The much smaller EEO office at the Federal Trade Commission has also been reduced, according to Stein, the attorney, who represented one of its workers. Days after Trump’s inauguration, the office was totally shut down with its functions transferred to the agency’s general counsel’s office, according to documents reviewed by The Post. The move was contrary to federal law, according to Stein.

The office has since been restored with three workers, half the former number, according to Stein.

The FTC declined to comment.

Nick Bednar, a University of Minnesota professor of law, said the EEO offices “play a significant role in protecting individual employees from discrimination and managing the culture of the workforce.”

“A lot of these agencies are required by statute, and by gutting these agencies they’re not able to perform the obligations that [are] placed on them and the morale within the workforce is going to degrade pretty quickly,” Bednar added.

The changes have left some employees confused about where to address their civil rights concerns.

At NASA, one employee discovered her equal employment office’s contact had been dismissed when she tried to email the employee with a request this week. The email bounced back with the message that the staffer “wasn’t found at nasa.gov,” according to a copy of the message obtained by The Post.

A NASA spokesperson told The Post that the agency’s EEO office reductions and the removal of information on its websites are meant to comply with Trump’s executive orders.
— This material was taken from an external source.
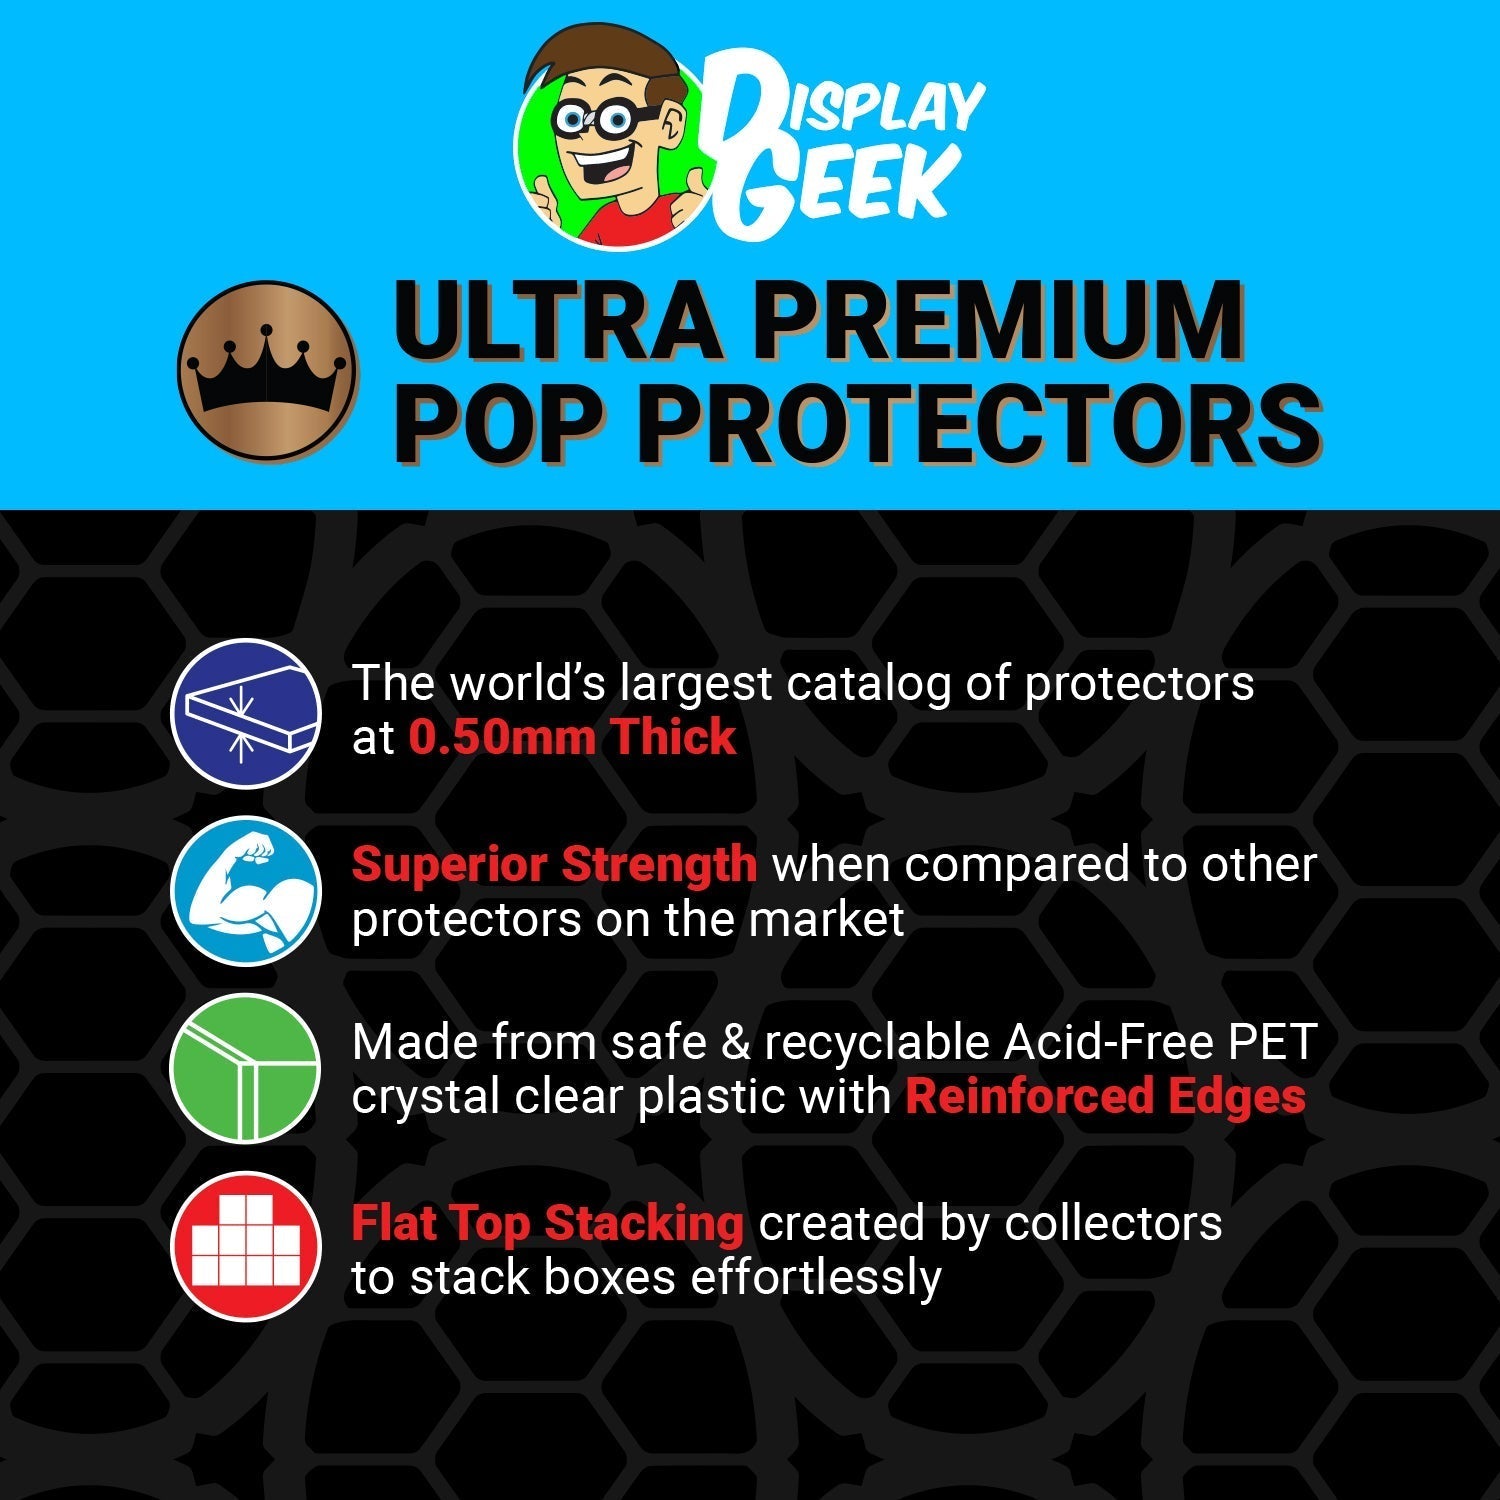 Pop Protector for Bigfoot Funko Pop Pez - PPG Pop Protector Guide Search Created by Display Geek

A Social Security Administration staffer, who has used the shuttered office to help navigate a disability, said she received no notice about the change internally, and instead found out by browsing public news sources.

Speaking on the condition of anonymity for fear of retaliation, she described contacting colleagues and a manager for whom she happened to have personal contact information; she was too scared to ask questions on any internal platforms. The supervisor had no additional information.

“My reaction is shock and anger,” she said, adding that she has an accommodation that will have to be renewed in several months. “As a disabled employee, I don’t have a polite word for this. I want to cry.”

Joel Achenbach and Carol Leonnig contributed to this report.